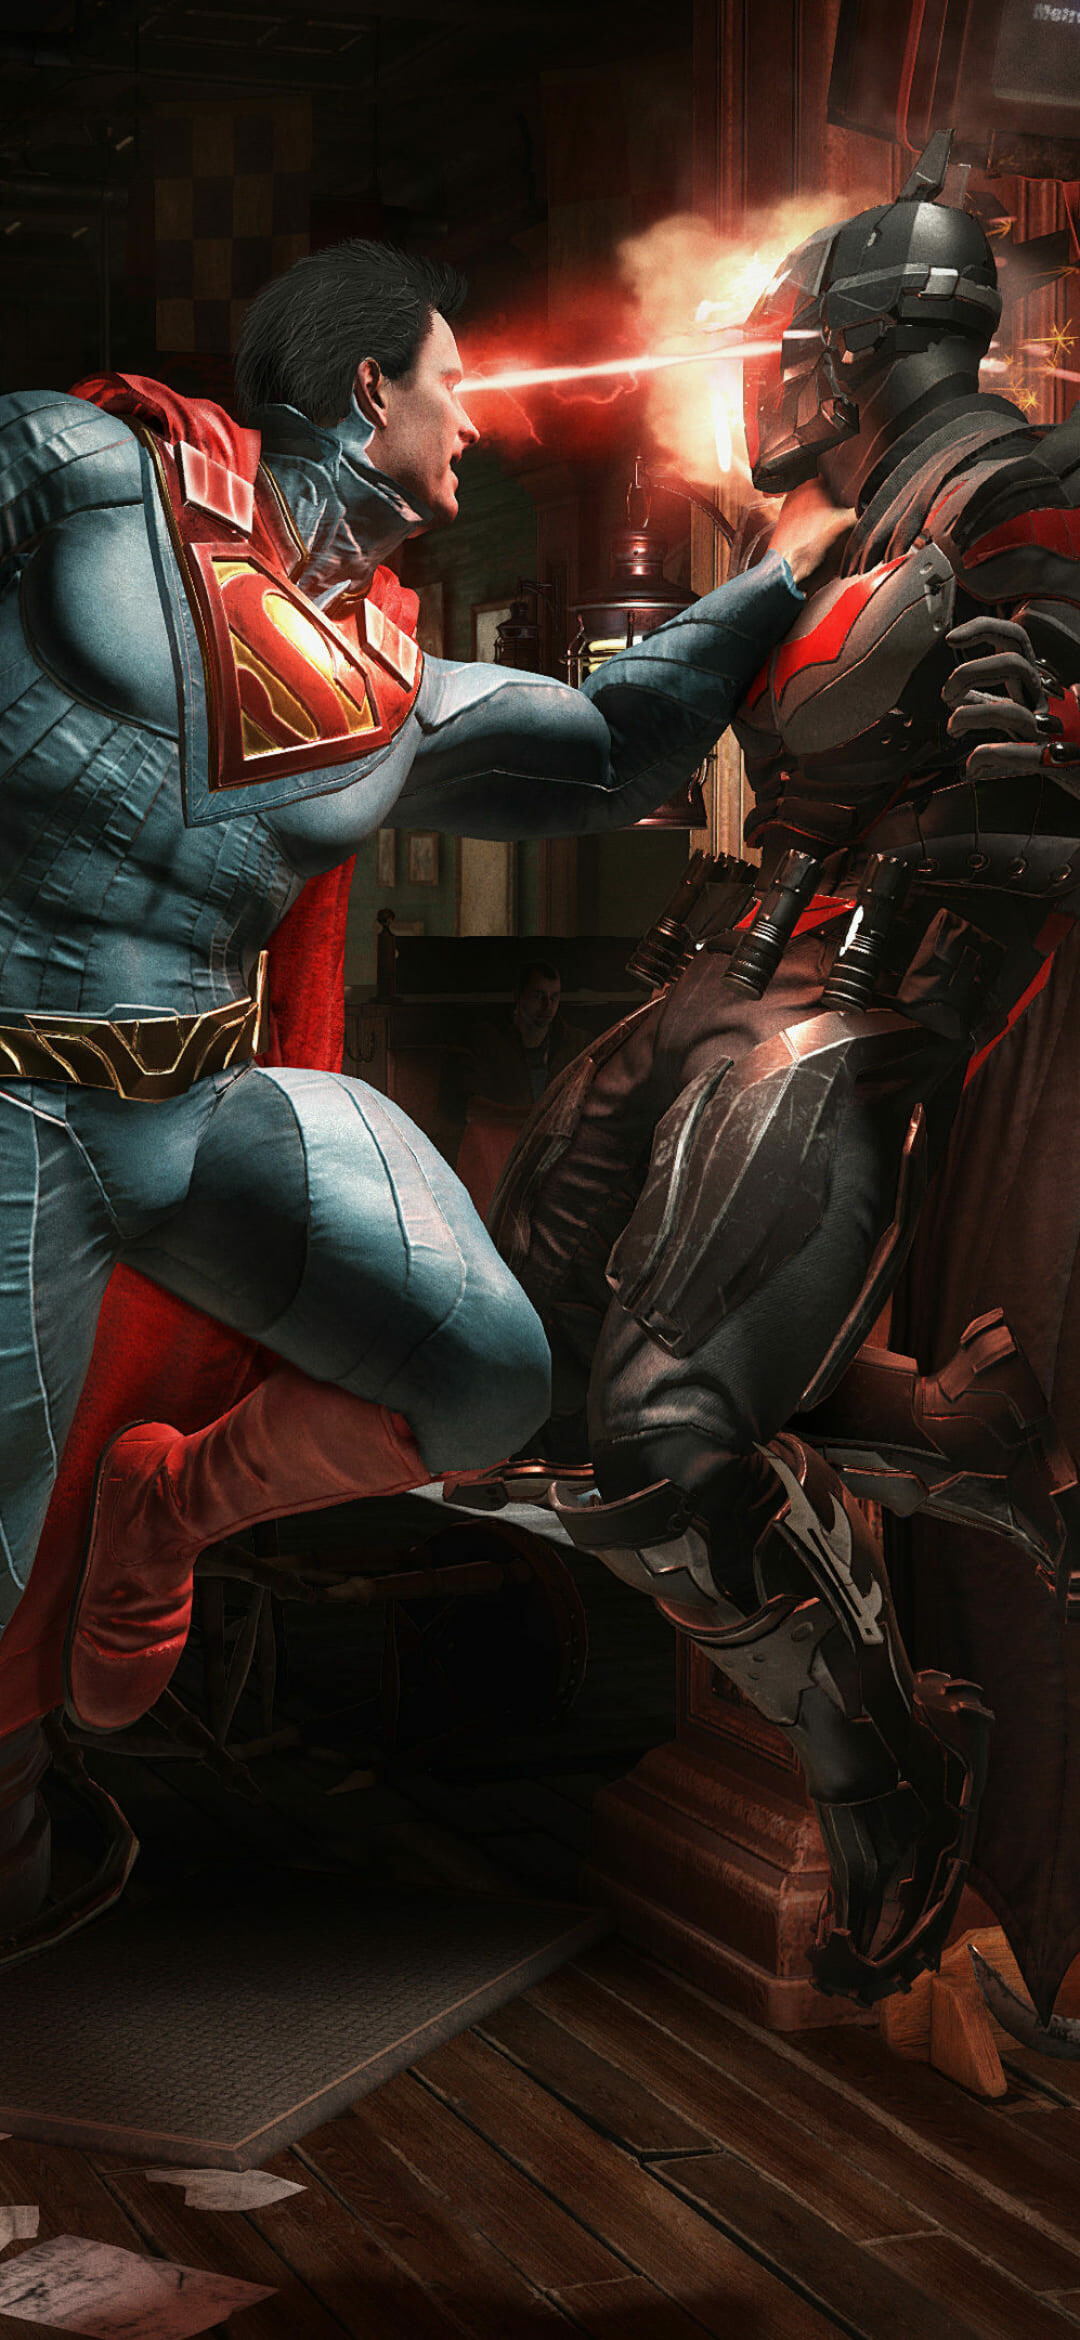 Injustice: A fighting game that blends classic Arcade style gameplay mechanics with an intriguing storyline that pits classic DC Comics. 1080x2340 HD Wallpaper.
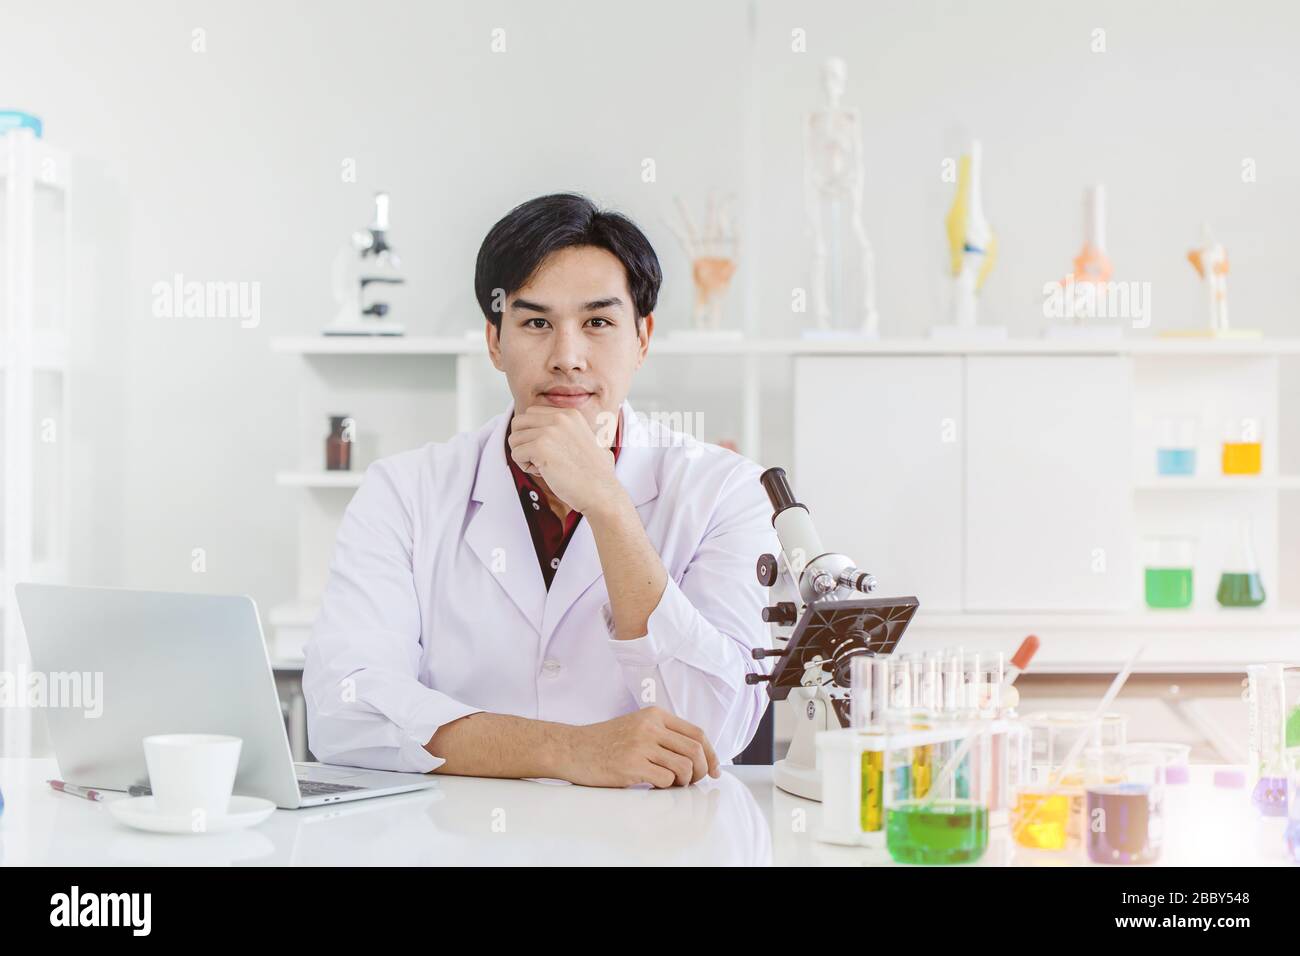 Young Handsome Scientist sitting in laboratory working desk Asian race looking camera hand at chin Stock Photo
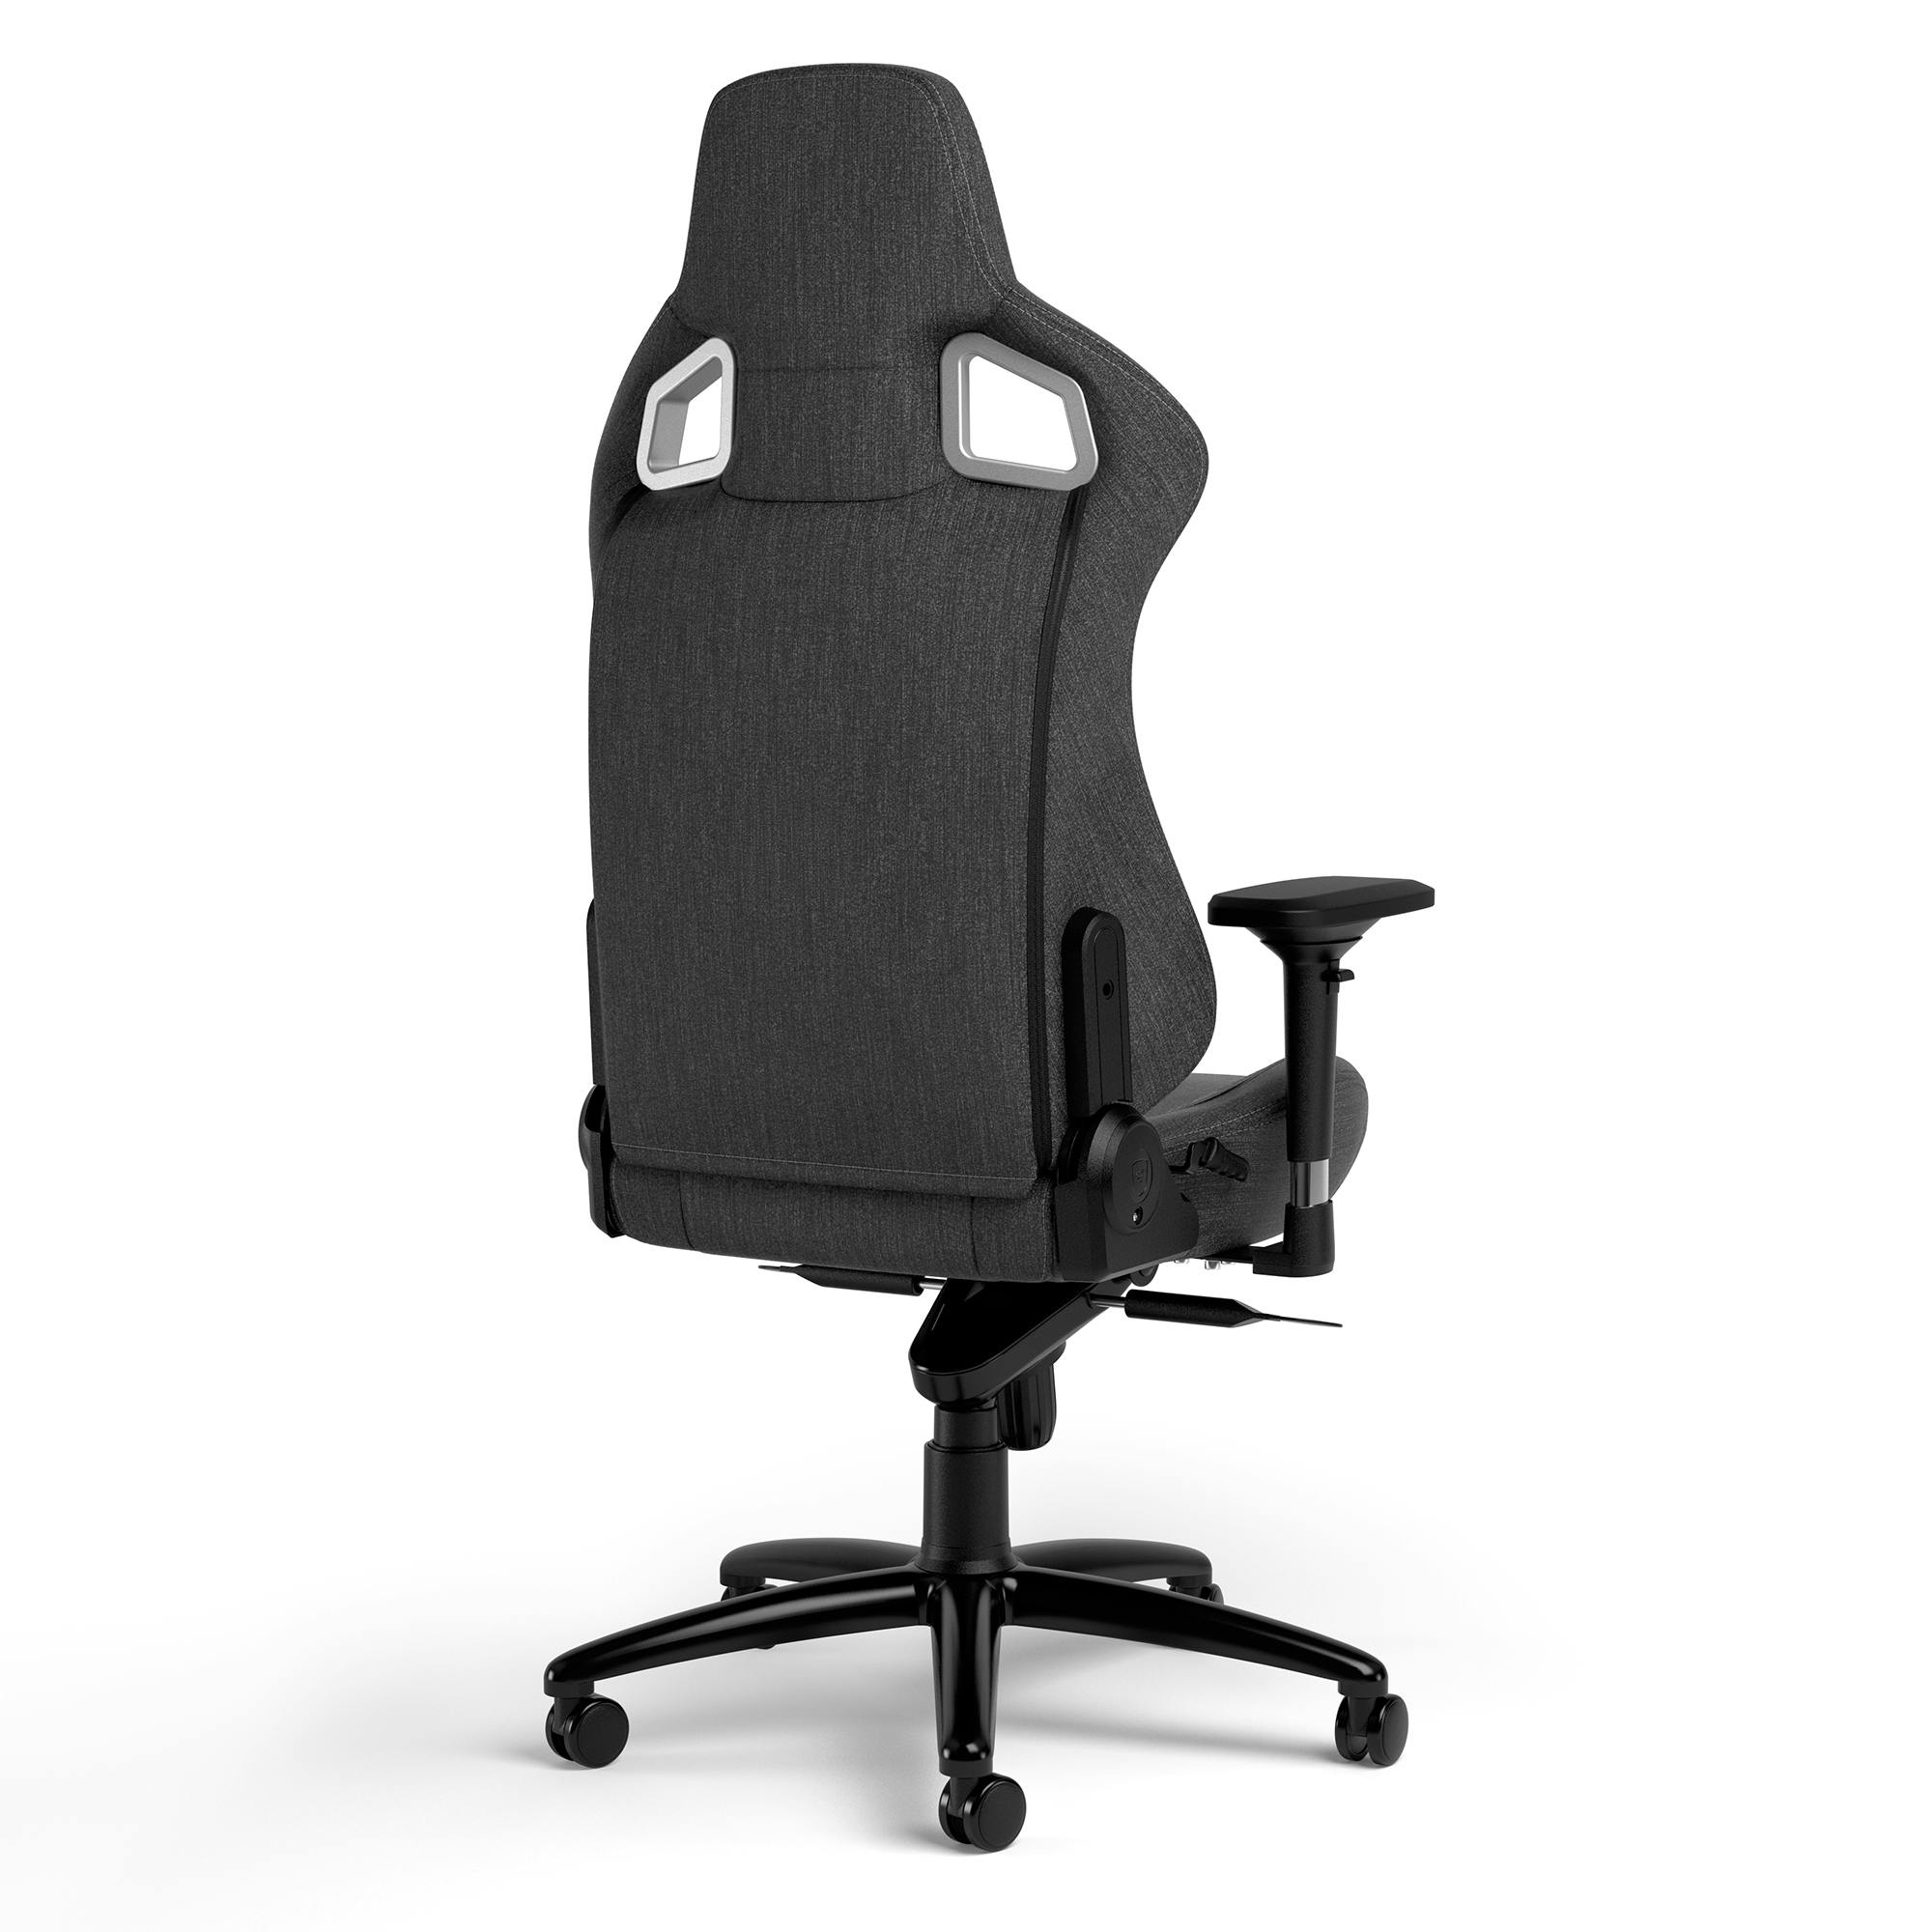 EPIC TX Gaming Chair with Fabric Cover | noblechairs | noblechairs

* * *

■ Exercise prompt: The answer is every line of the data, exactly as written, with the pictures dropped.

■ Result of this exercise:
 Injustice: A fighting game that blends classic Arcade style gameplay mechanics with an intriguing storyline that pits classic DC Comics. 1080x2340 HD Wallpaper.
 Young Handsome Scientist sitting in laboratory working desk Asian race looking camera hand at chin Stock Photo
 EPIC TX Gaming Chair with Fabric Cover | noblechairs | noblechairs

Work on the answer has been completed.